TASK STATEMENT:
Print out the data below in full and exactly, skipping the pictures.

INPUT DATA:
—————

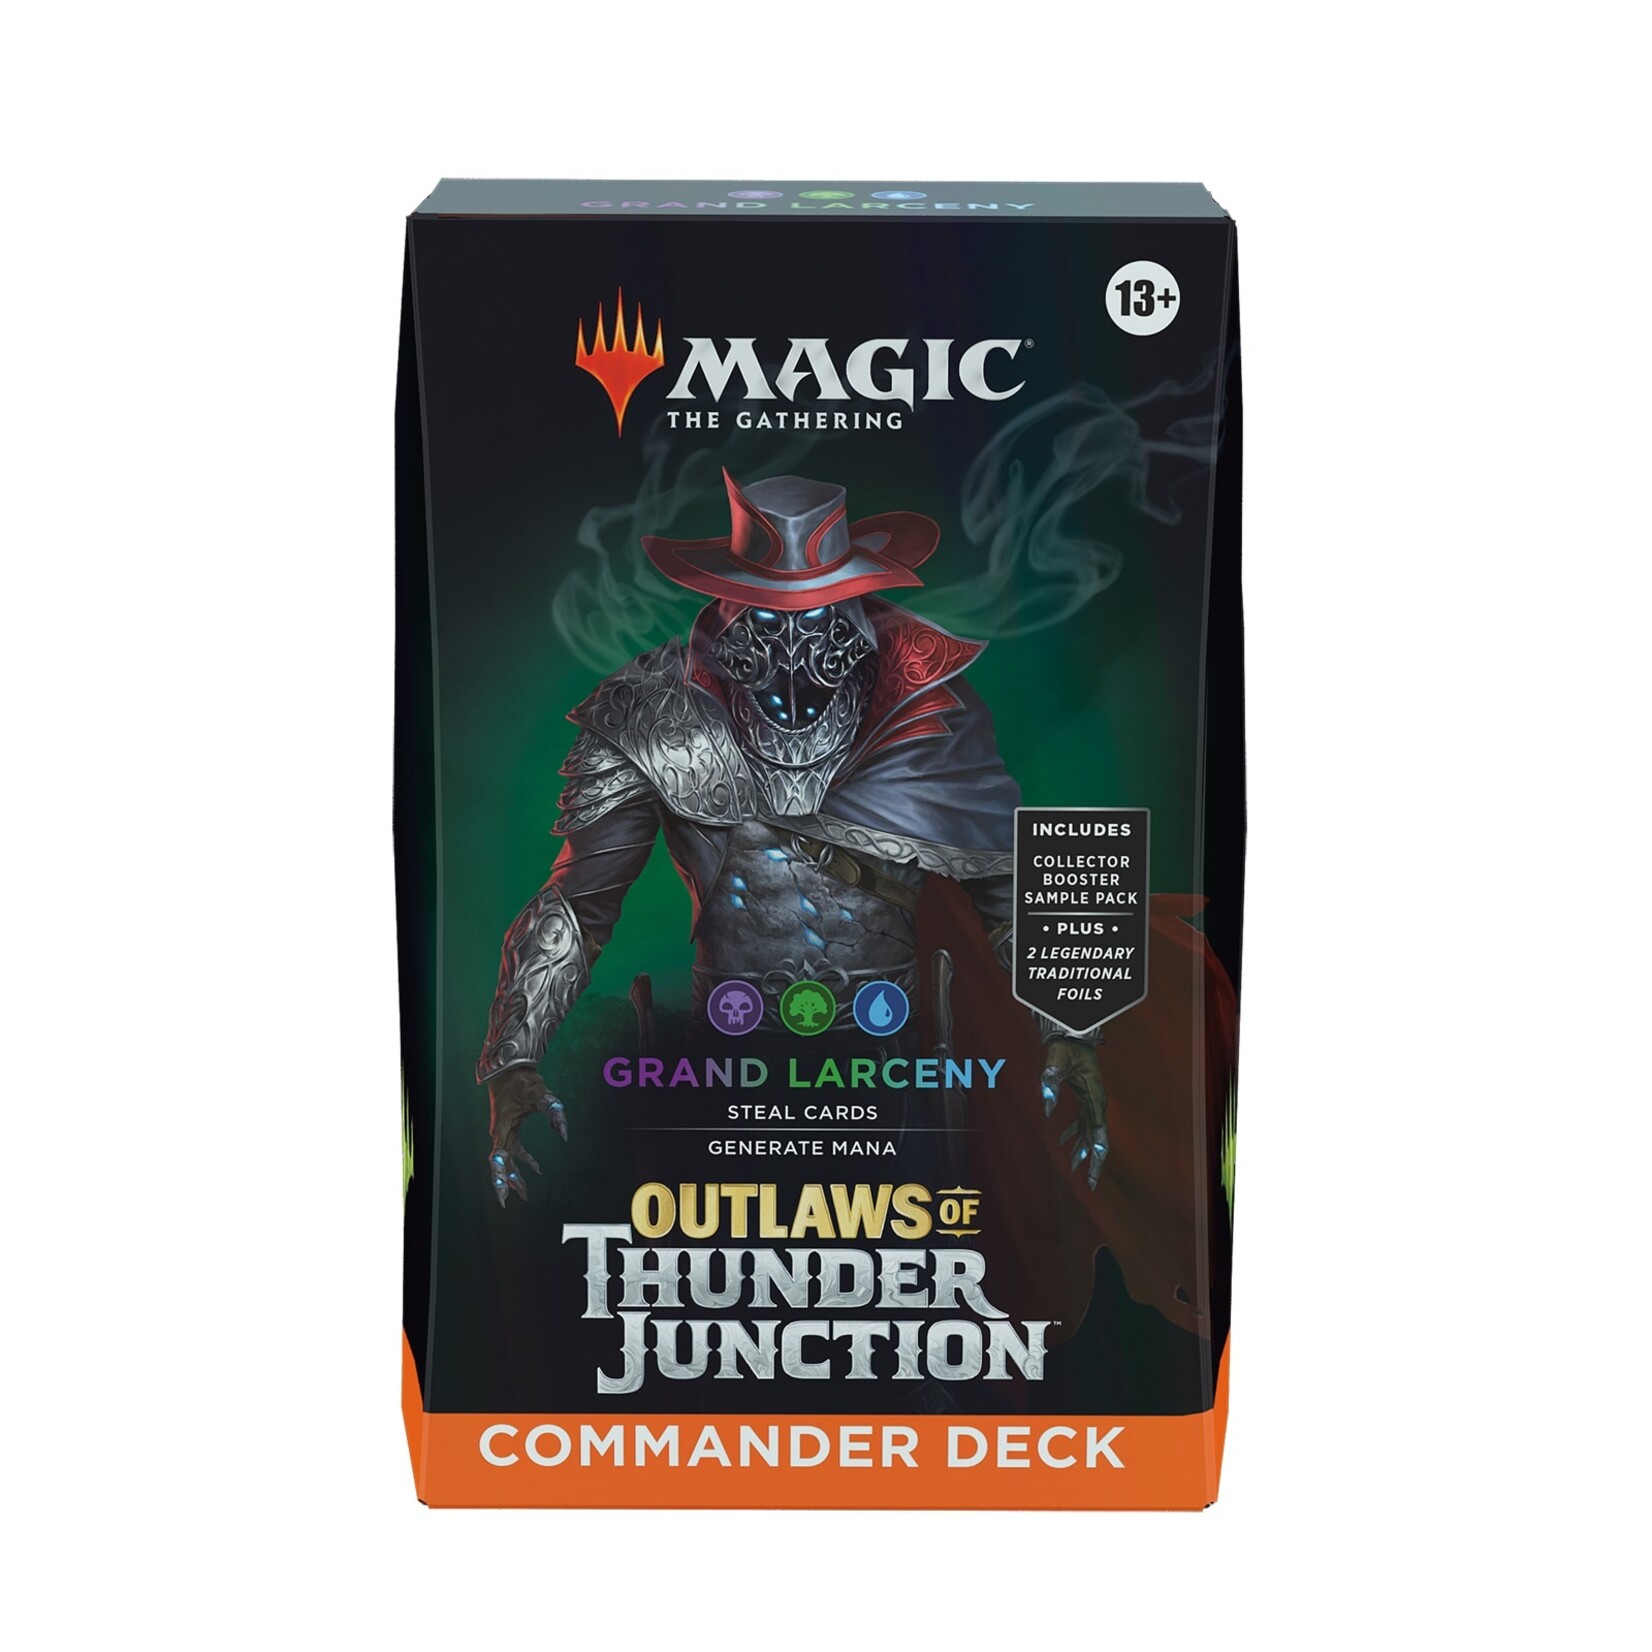 Wizard of the coast Magic the Gathering - Outlaws of Thunder Junction - Commander Deck - Grand Larceny
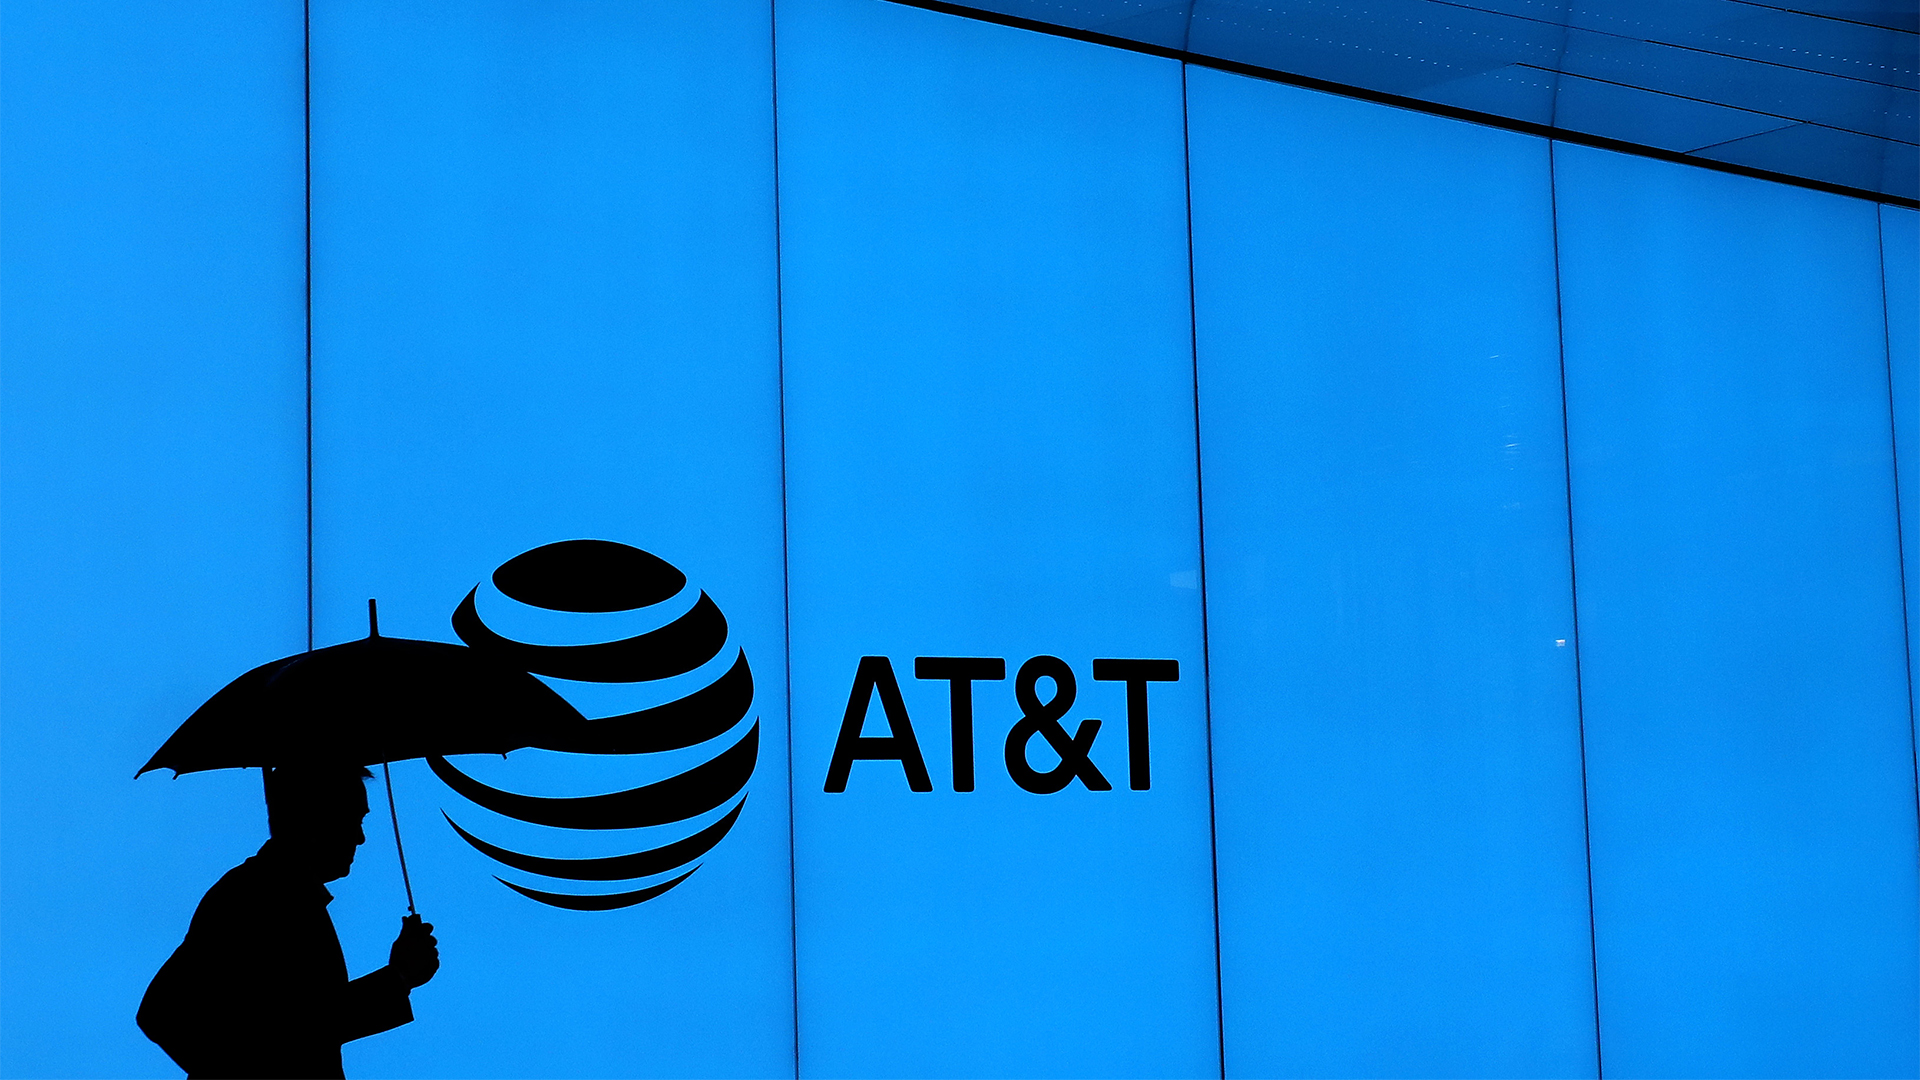 Everything you need to know about the AT&T data breach
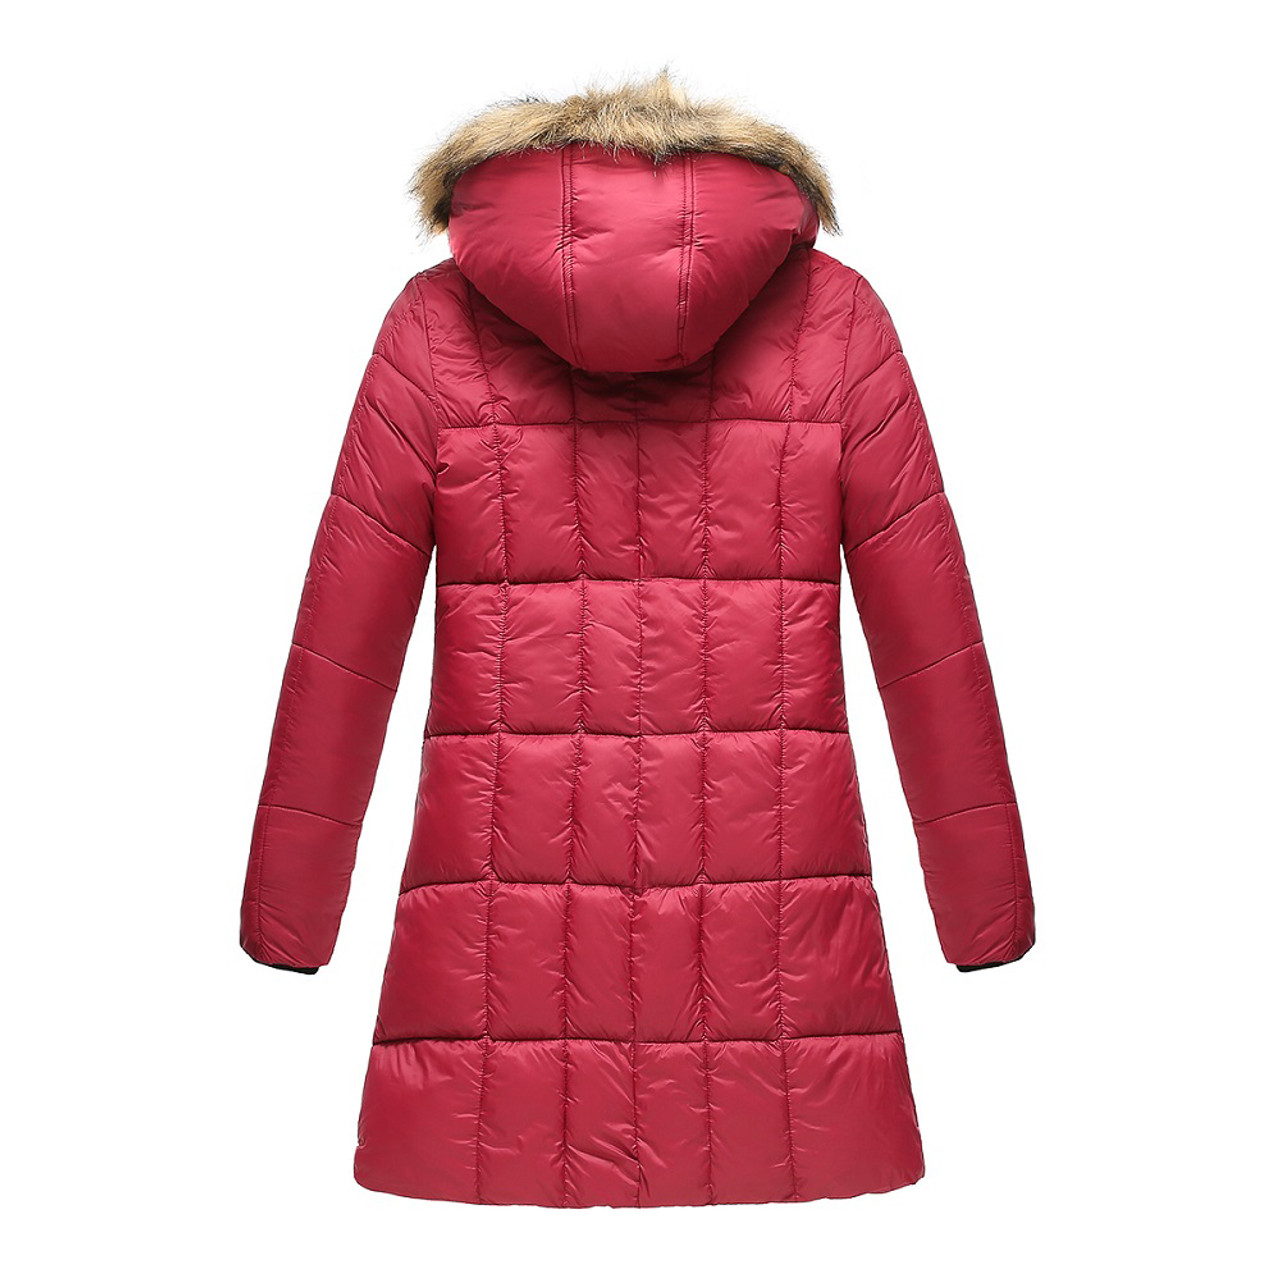 Haute Edition® Women's Mid-Length Puffer Parka Coat with Faux Fur-Lined Hood product image

—————

RESULT FOR THIS TASK:
 Wizard of the coast Magic the Gathering - Outlaws of Thunder Junction - Commander Deck - Grand Larceny
 Everything you need to know about the AT&T data breach
 Haute Edition® Women's Mid-Length Puffer Parka Coat with Faux Fur-Lined Hood product image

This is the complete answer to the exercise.